Serum peptide signatures for pancreatic cancer based on mass spectrometry: a comparison to CA19-9 levels and routine imaging techniques

Affiliations
Comparative Study

Serum peptide signatures for pancreatic cancer based on mass spectrometry: a comparison to CA19-9 levels and routine imaging techniques

Berit Velstra et al. J Cancer Res Clin Oncol. 2015 Mar.

Abstract

Purpose: The detection of pancreatic tumors lacks a sensitive and specific diagnostic tool. Mass spectrometry (MS)-based profiling of serum proteins is a promising approach for discovery of new clinical biomarkers or biomarker signatures.

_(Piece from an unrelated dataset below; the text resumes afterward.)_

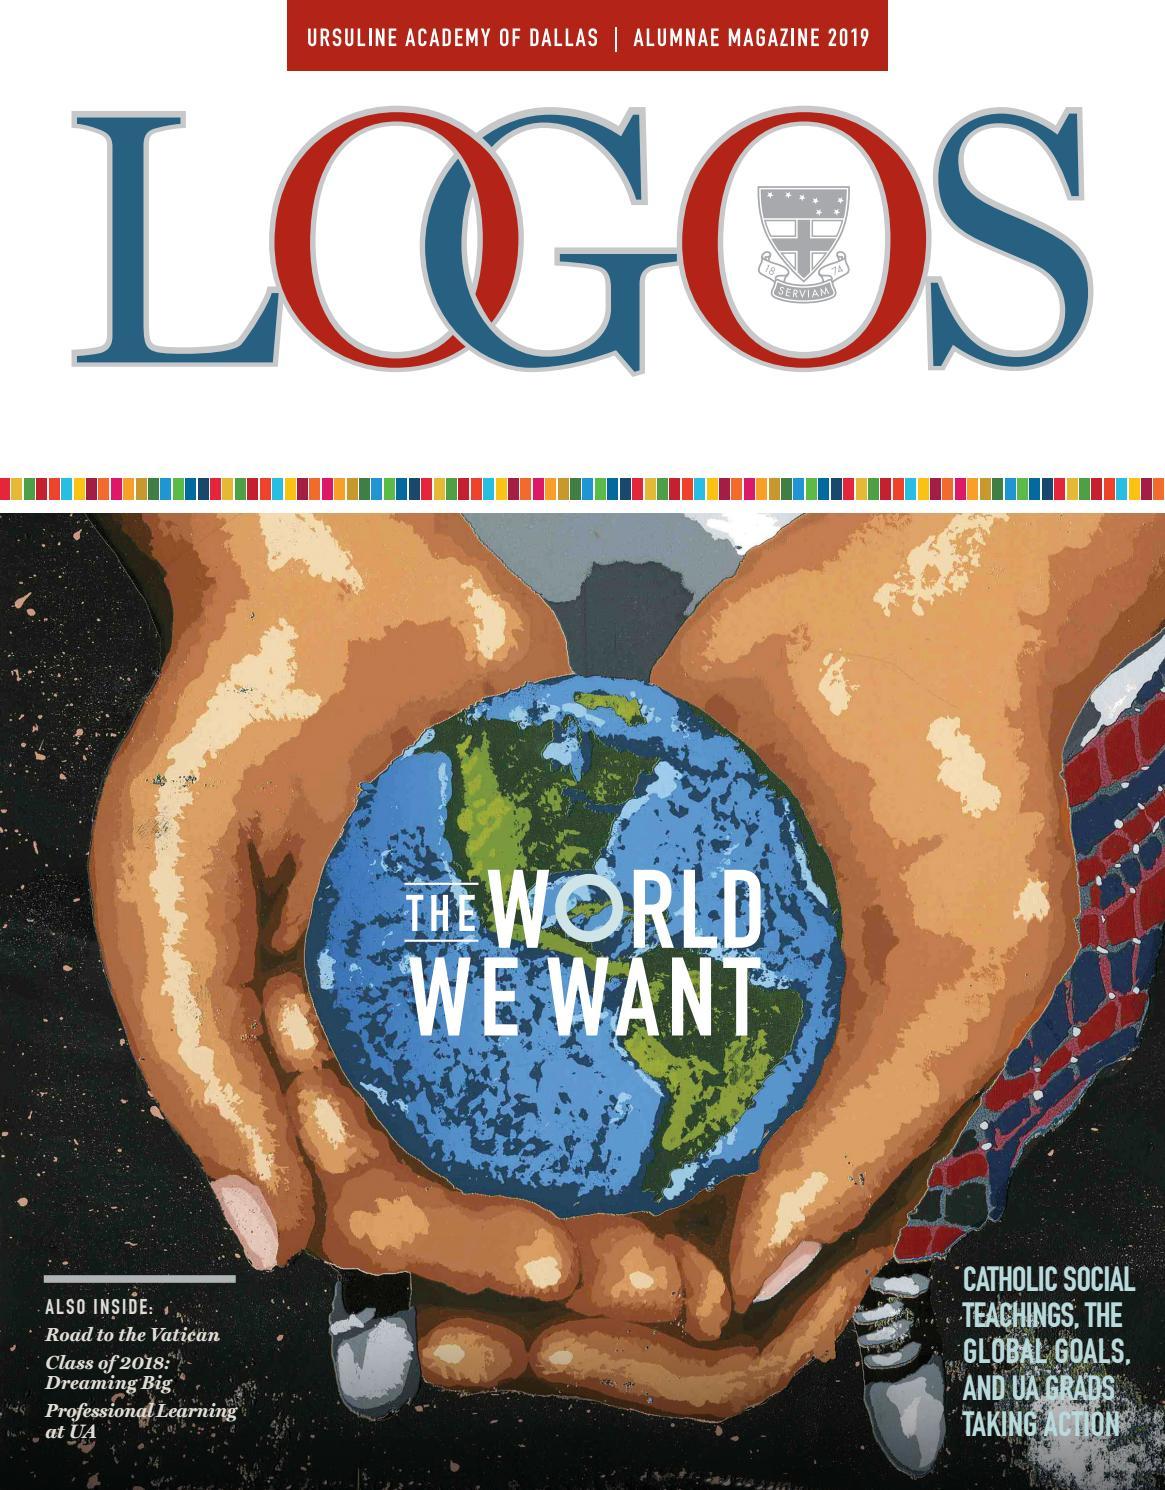 Ursuline Academy of Dallas LOGOS 2019 Magazine by Ursuline Academy of Dallas  - issuu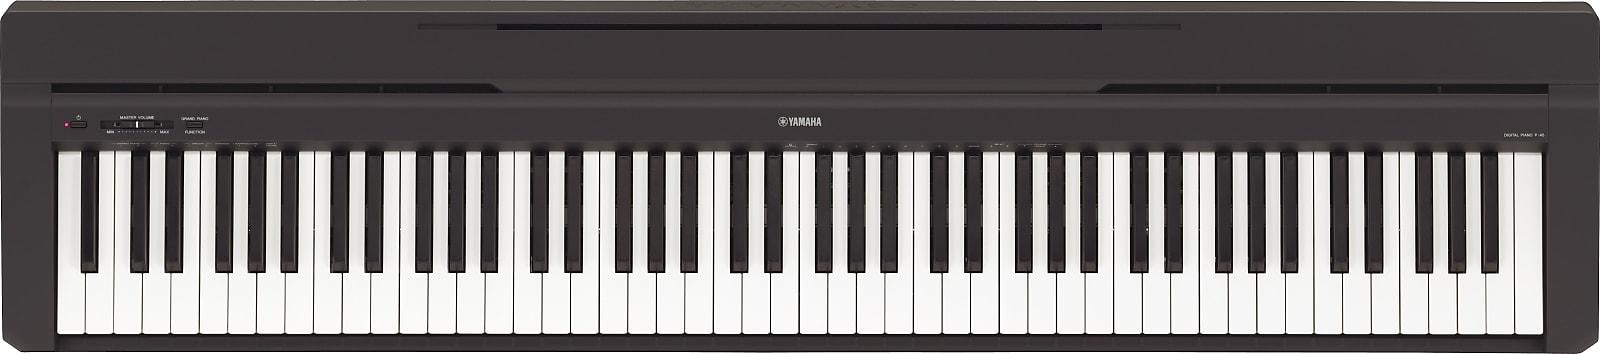 Yamaha P-45 88-Key Digital Piano w/ Stand- Black 2019

Methods: Serum samples from pancreatic cancer (PC) patients and control individuals were collected and processed using a standardized protocol. Samples were divided in a calibration set (n = 49 PC and 110 controls) and a validation set (n = 39 PC and 75 controls). Peptide profiles were obtained using a combination of automated solid-phase extraction with reversed-phase C18 paramagnetic beads and matrix-assisted laser desorption ionization time-of-flight MS.

Results: Linear discriminant analysis with double cross-validation resulted in a discriminating peptide signature for PC in the calibration set with a sensitivity of 78 % and a specificity of 91 % [area under the curve (AUC) of 92 %]. Classification was validated with a sensitivity of 93 % and a specificity of 100 % (AUC of 98 %), and the results were compared with carbohydrate antigen 19-9 levels and currently available clinical imaging techniques. The ten most discriminating peptide peaks were identified as fragments of proteins involved in the clotting cascade, acute phase response and immunologic response.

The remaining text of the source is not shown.